Dataset excerpt below:
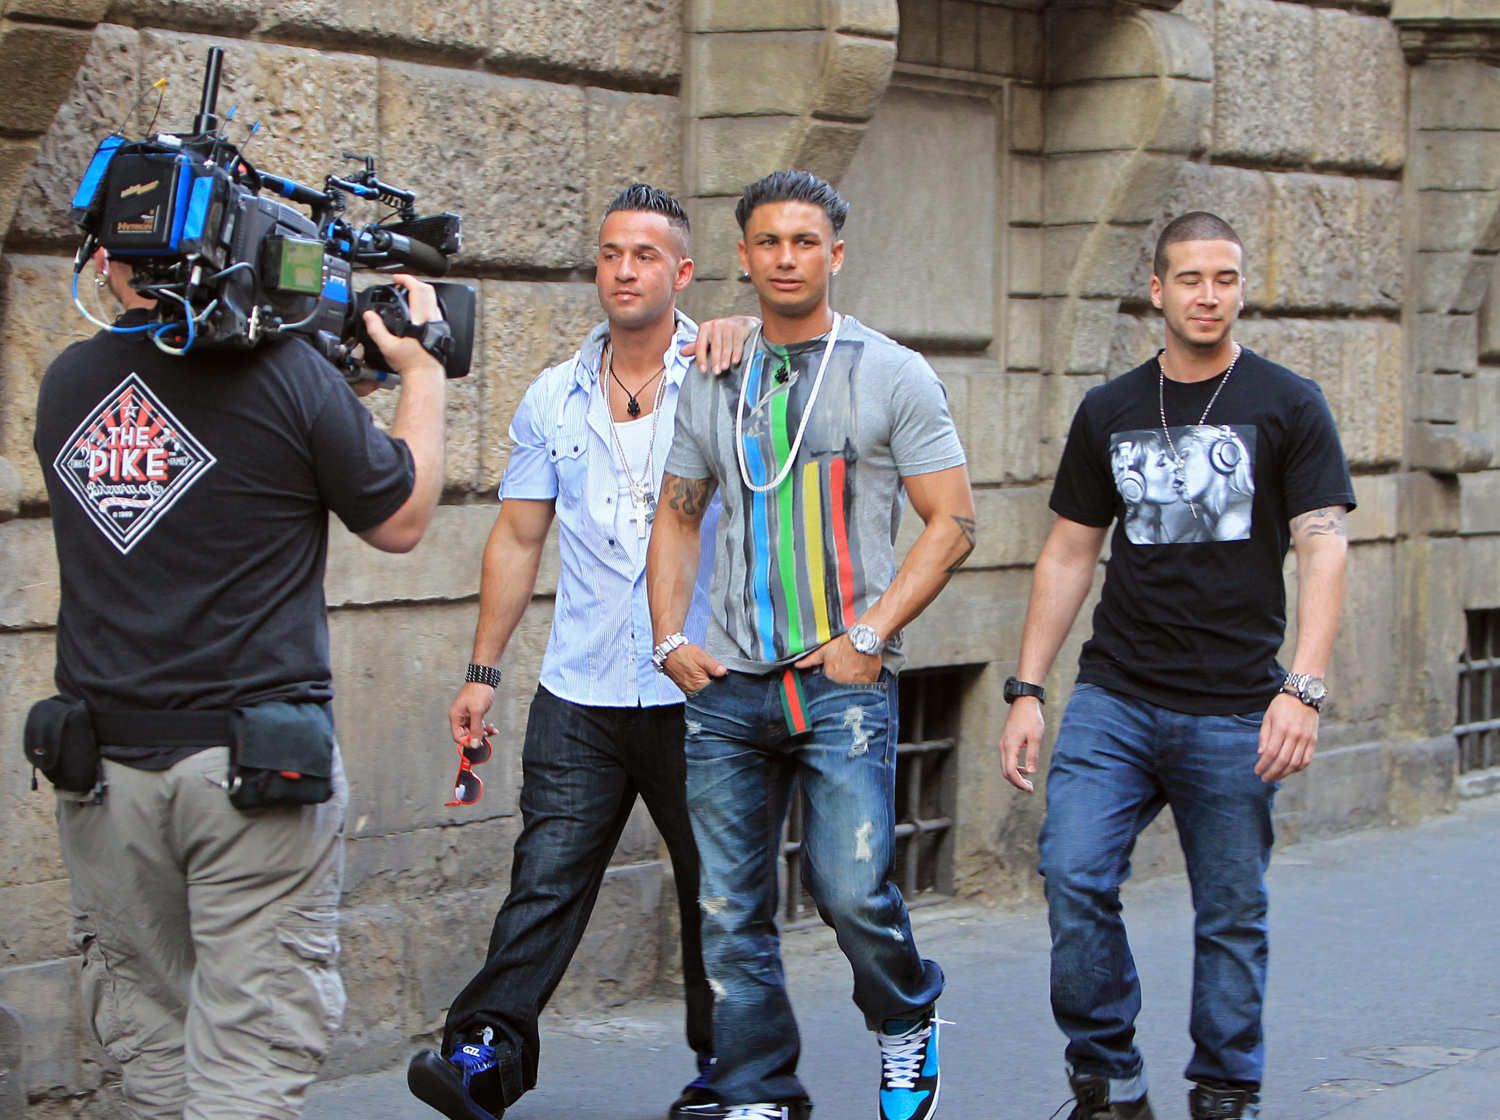 Jersey Shore' to start filming on sixth season - with pregnant
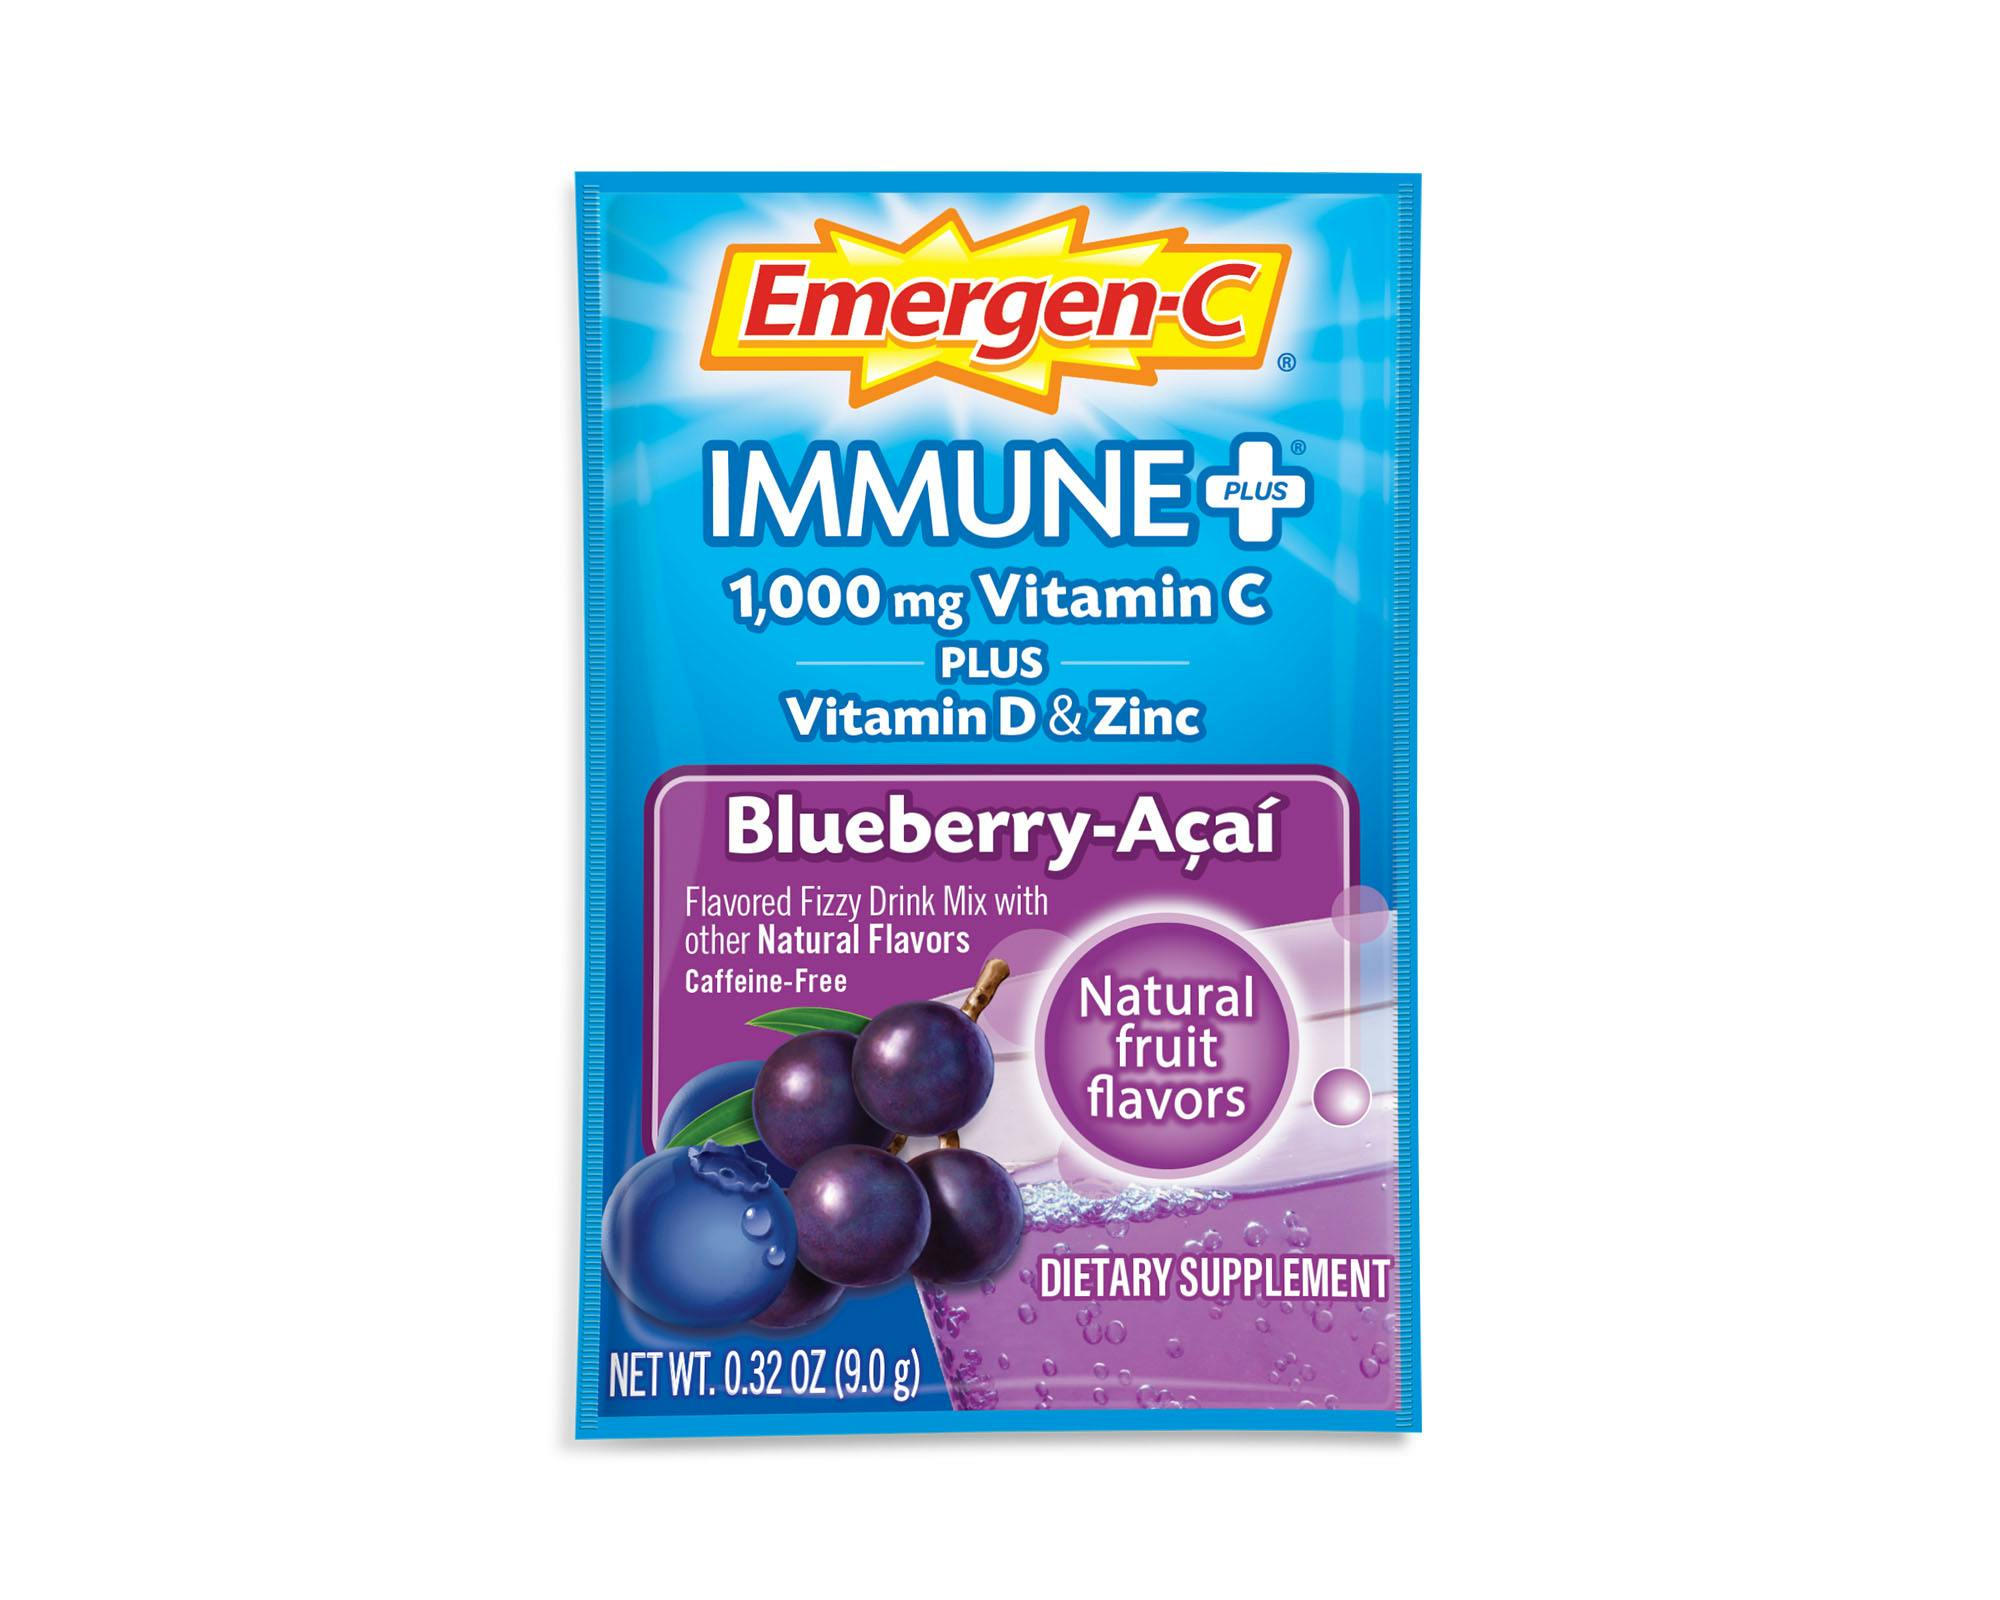 Blueberry-Acai Immune+ Support packet
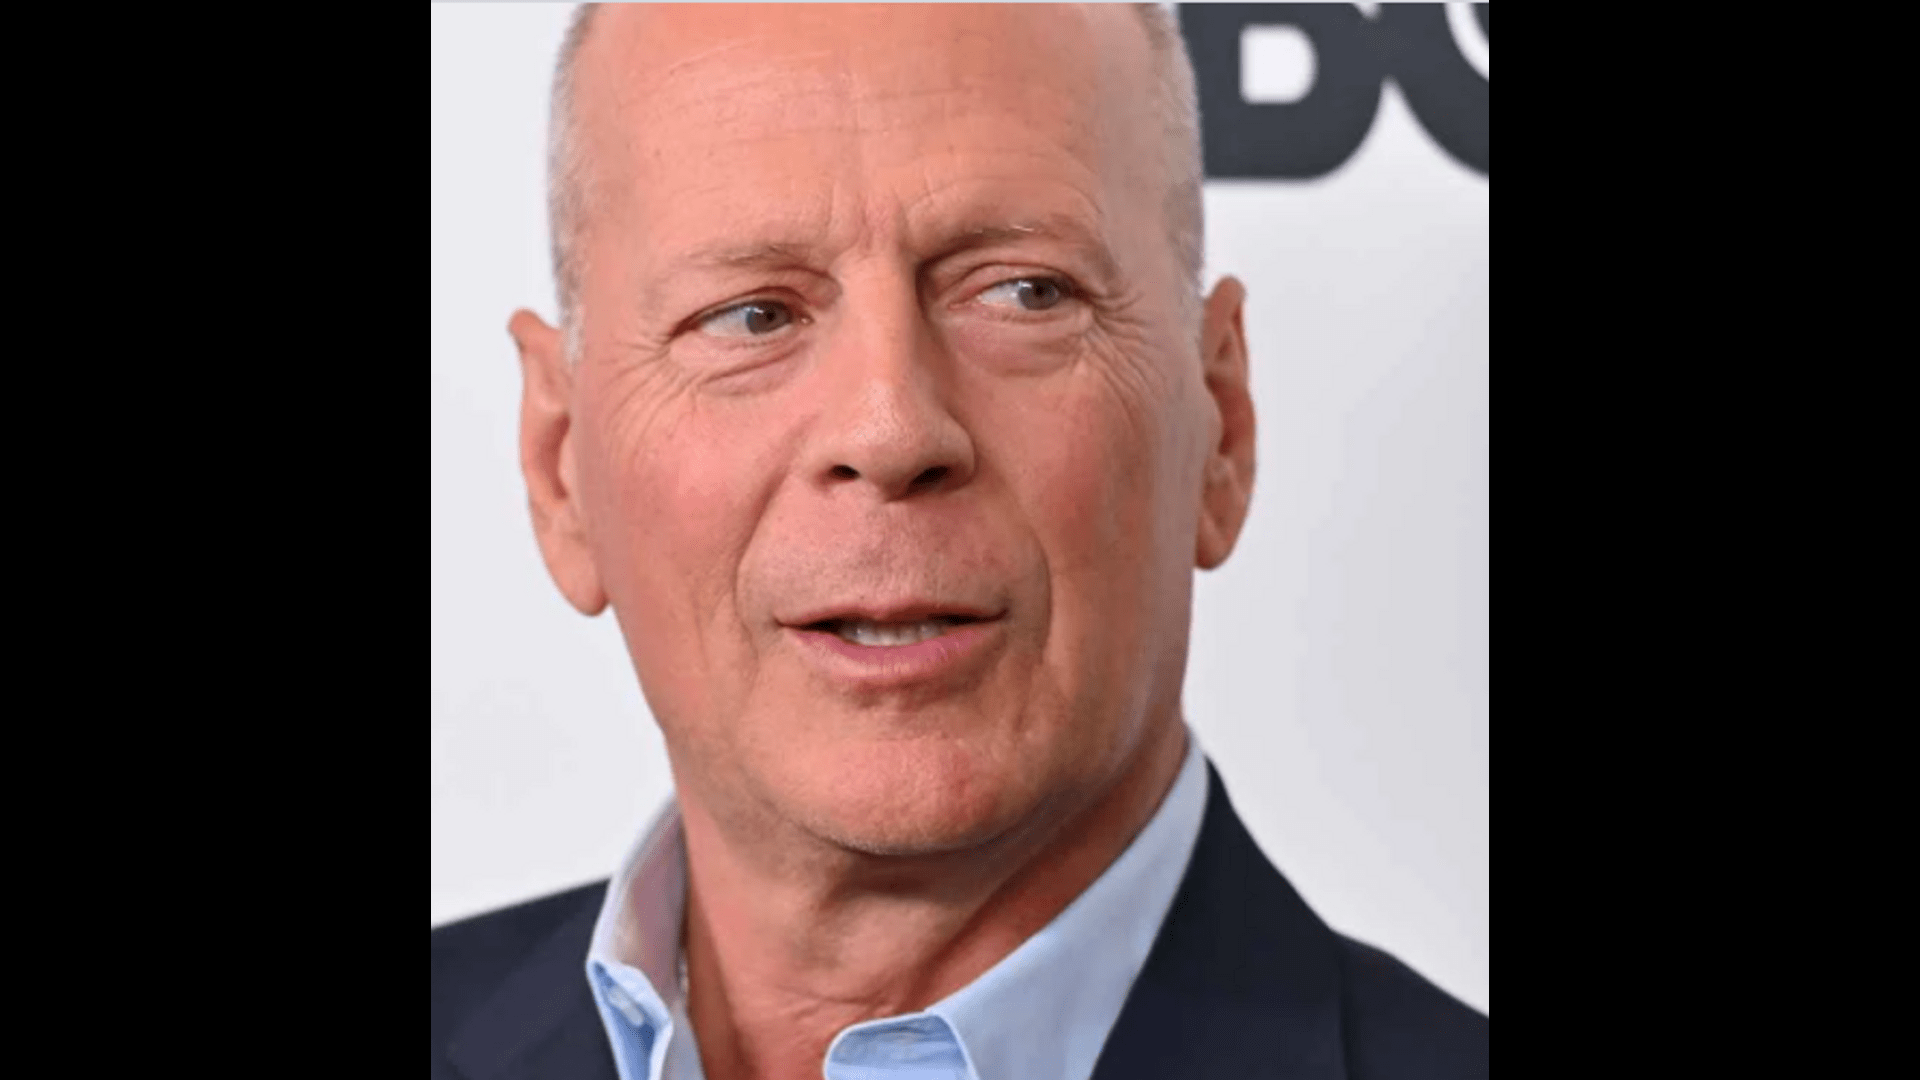 The Razzies consider removing the special category they created for Bruce Willis after his diagnosis of aphasia
End of Dataset excerpt.
• Exercise directions:
Output all of the data exactly. Skip the pictures.

• Task response:
 Jersey Shore' to start filming on sixth season - with pregnant
 Blueberry-Acai Immune+ Support packet
 The Razzies consider removing the special category they created for Bruce Willis after his diagnosis of aphasia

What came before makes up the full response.